*Task statement:* From the first line to the last, copy the data exactly and drop the pictures.

════════

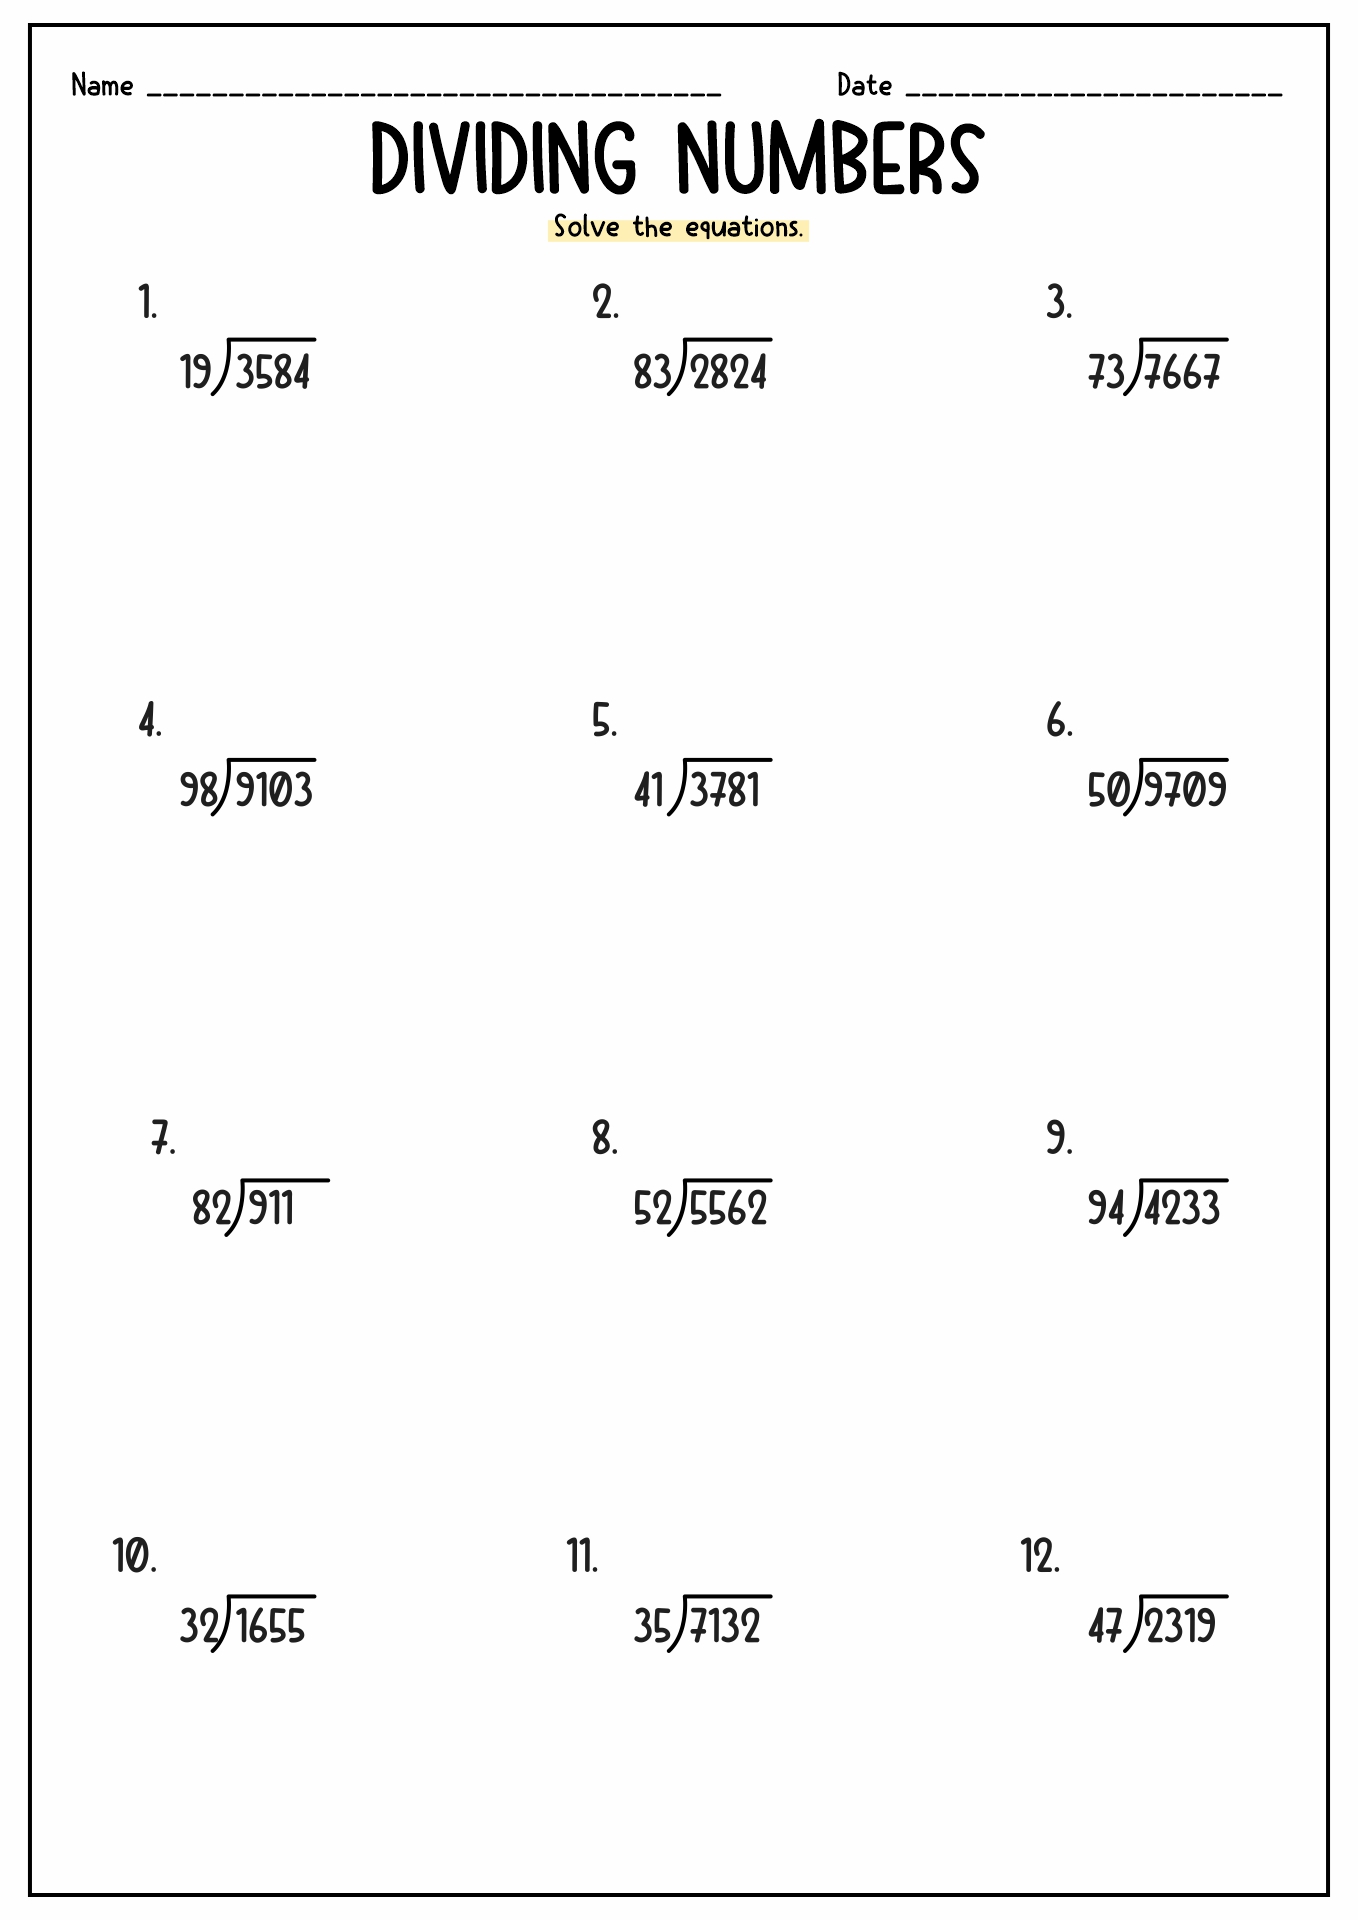 5th Grade Long Division Worksheets Image
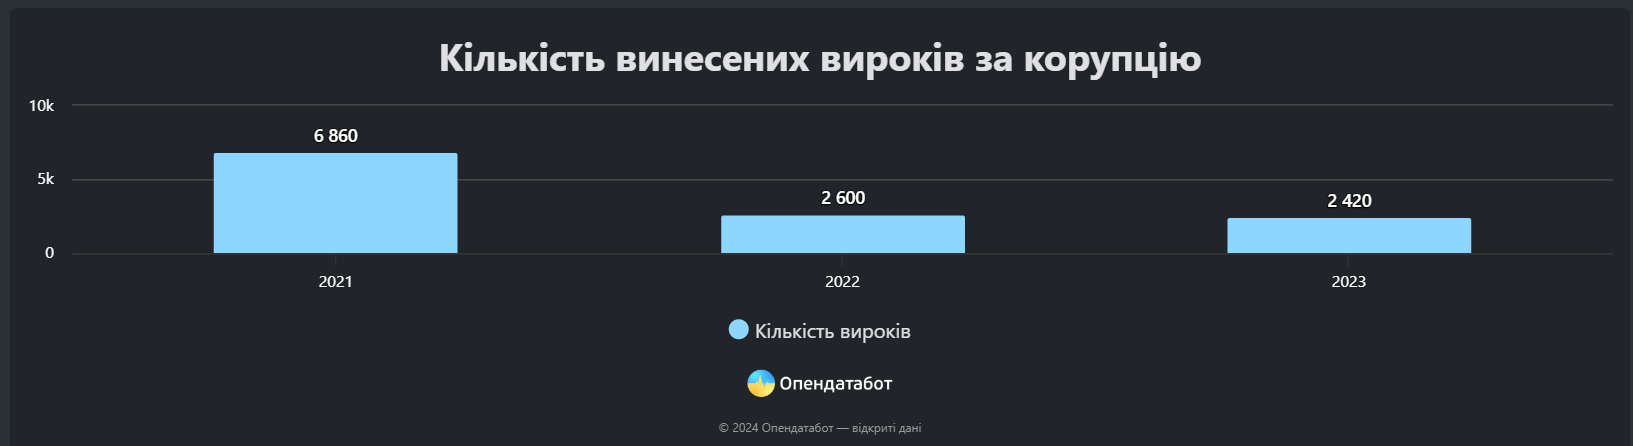 Одесщина заняла третье место по количеству коррупционеров
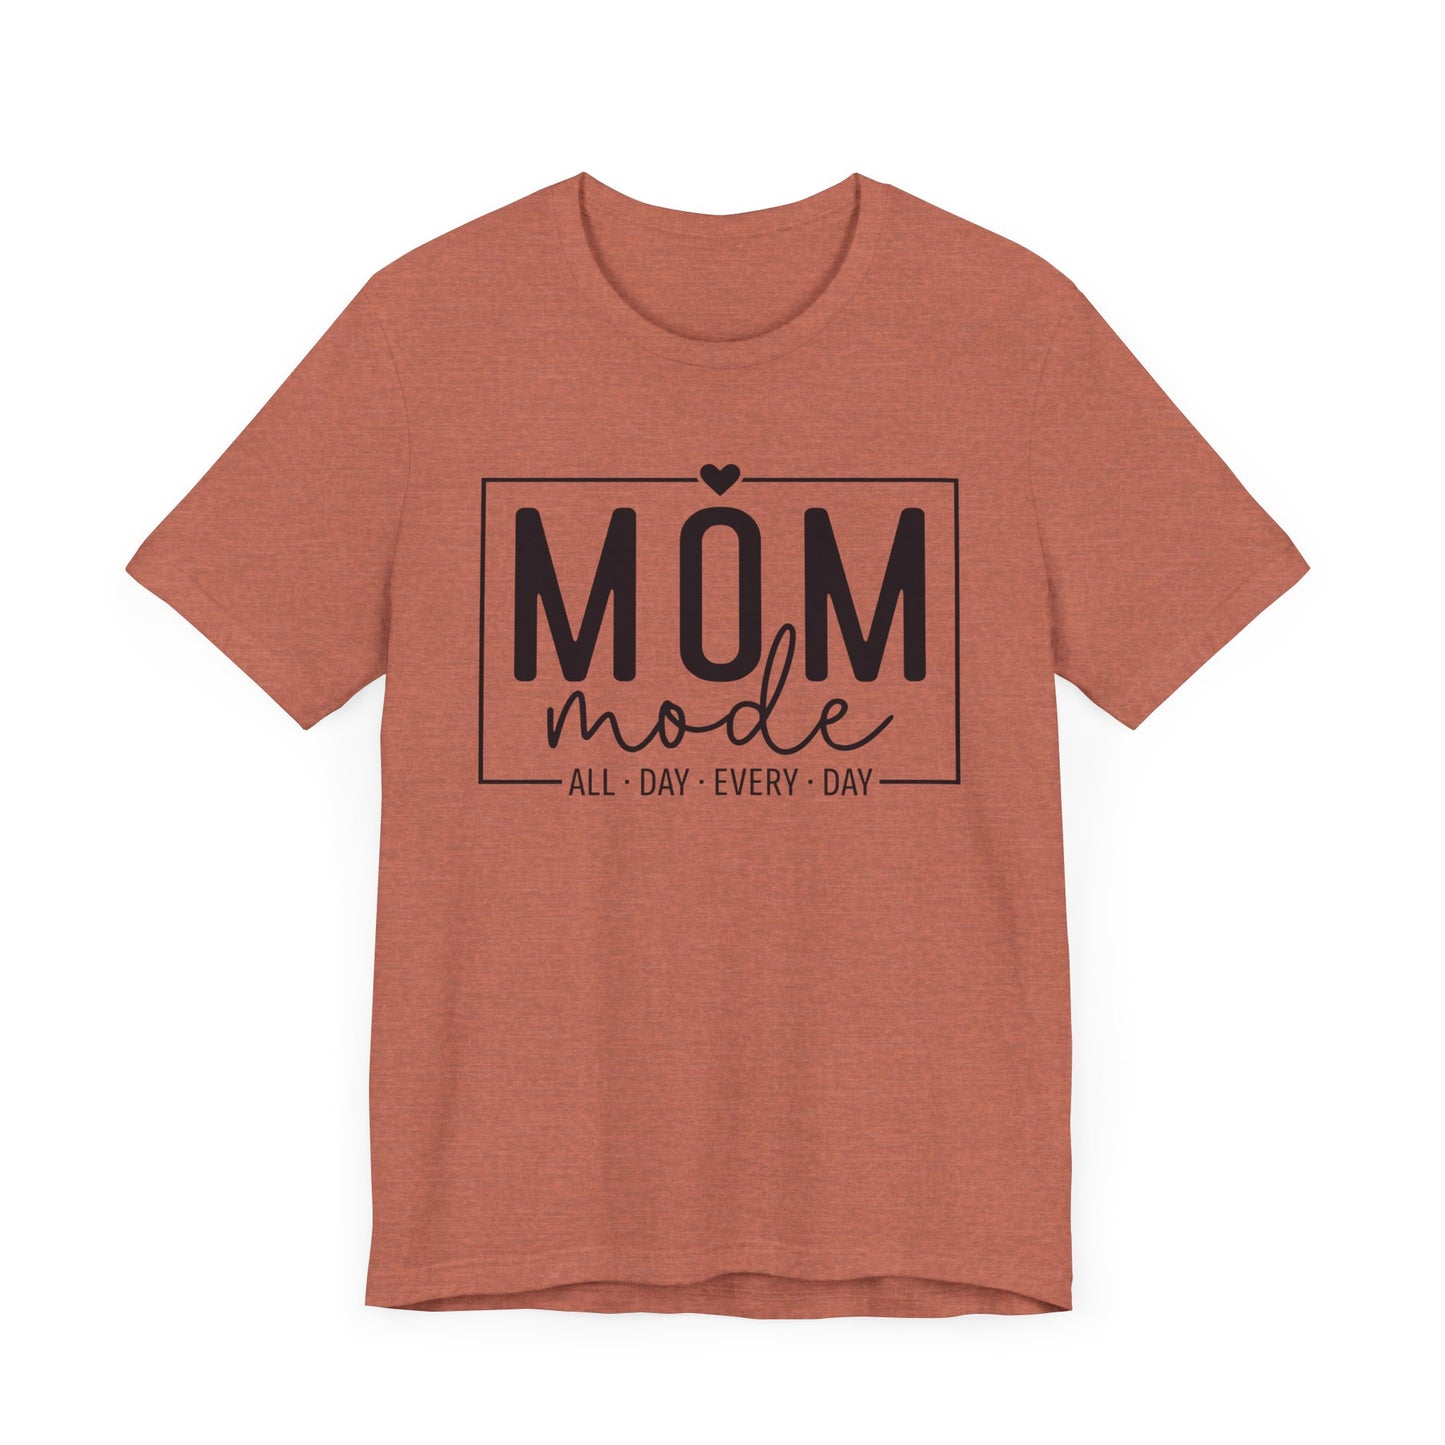 Mom Mode - Jersey Short Sleeve T-Shirt
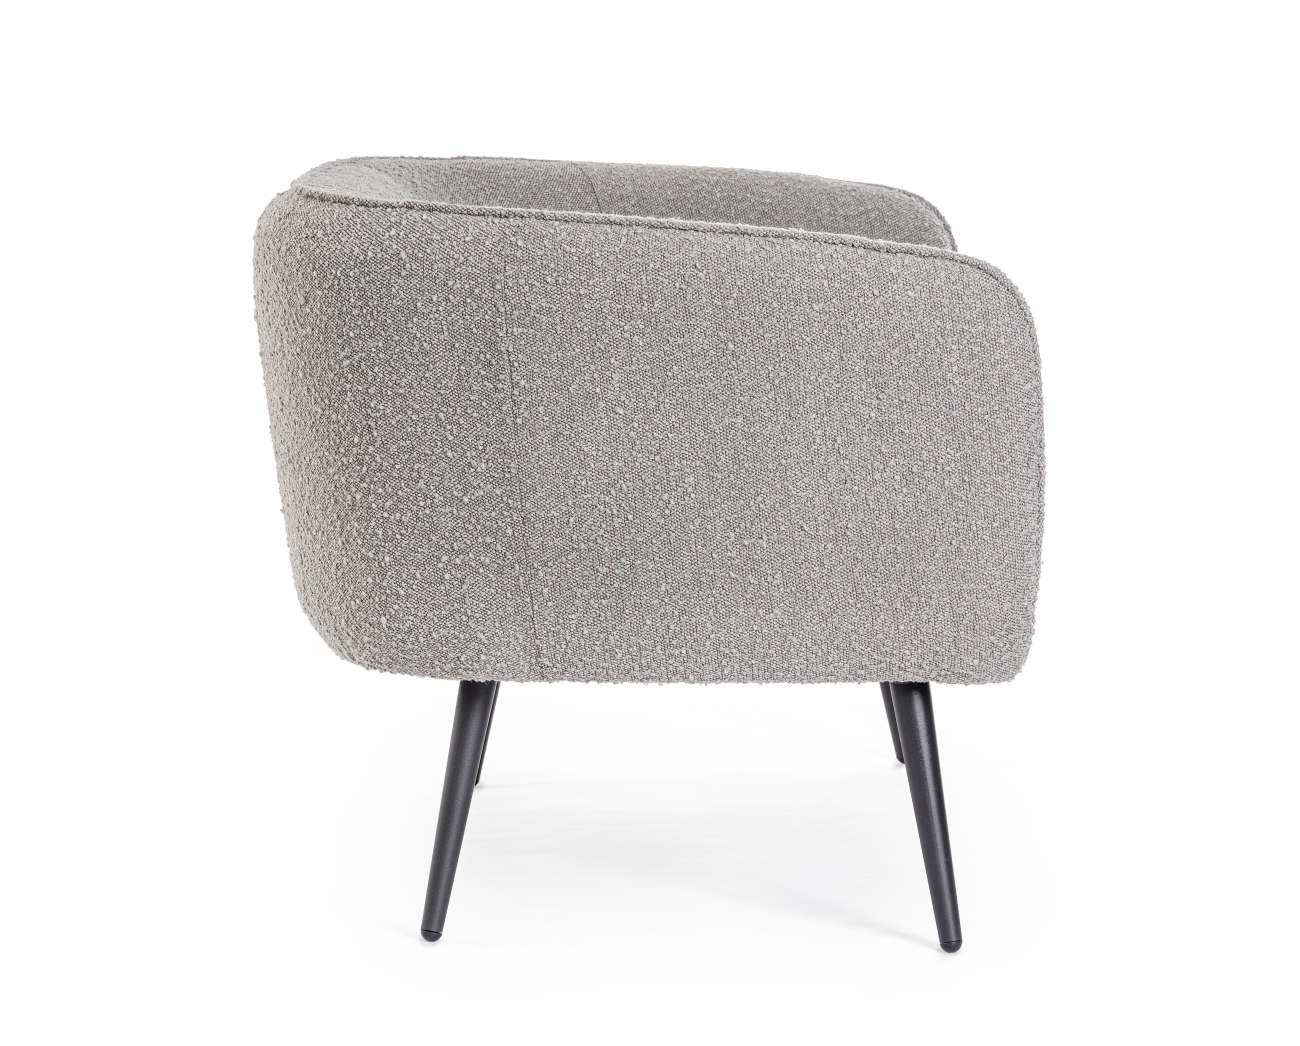 Das Sofa Avril überzeugt mit seinem modernen Stil. Gefertigt wurde es aus Bouclè-Stoff, welcher einen grauen Farbton besitzt. Das Gestell ist aus Metall und hat eine schwarze Farbe. Das Sofa ist in der Ausführung 2-Sitzer.
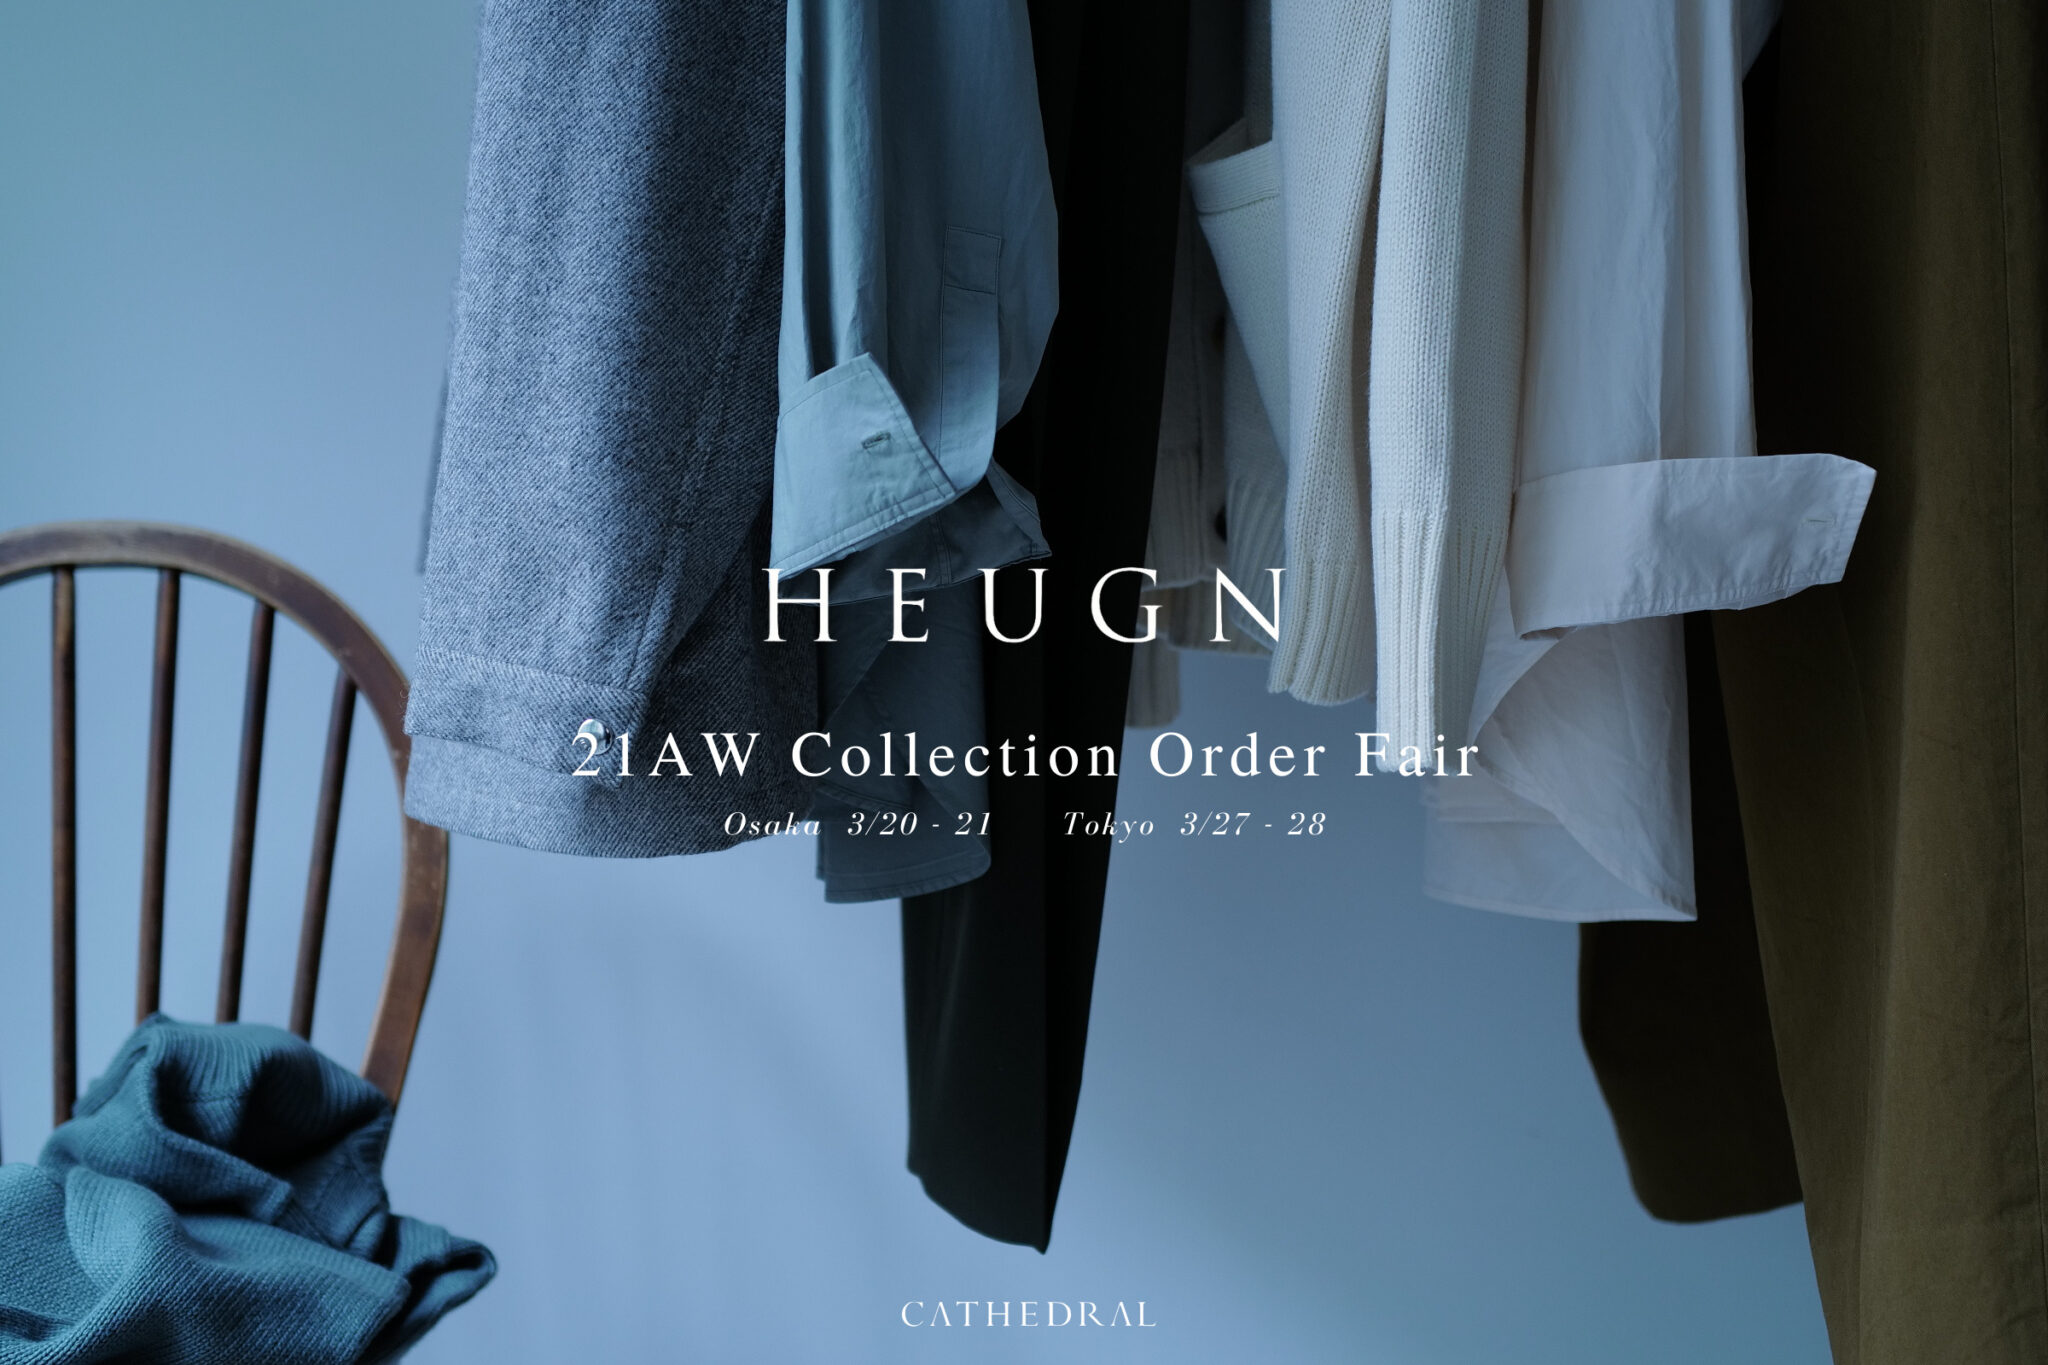 HEUGN 21AW Collection Order Fair

════════

*Your response:*
 5th Grade Long Division Worksheets Image
 Одесщина заняла третье место по количеству коррупционеров
 Mom Mode - Jersey Short Sleeve T-Shirt
 Das Sofa Avril überzeugt mit seinem modernen Stil. Gefertigt wurde es aus Bouclè-Stoff, welcher einen grauen Farbton besitzt. Das Gestell ist aus Metall und hat eine schwarze Farbe. Das Sofa ist in der Ausführung 2-Sitzer.
 HEUGN 21AW Collection Order Fair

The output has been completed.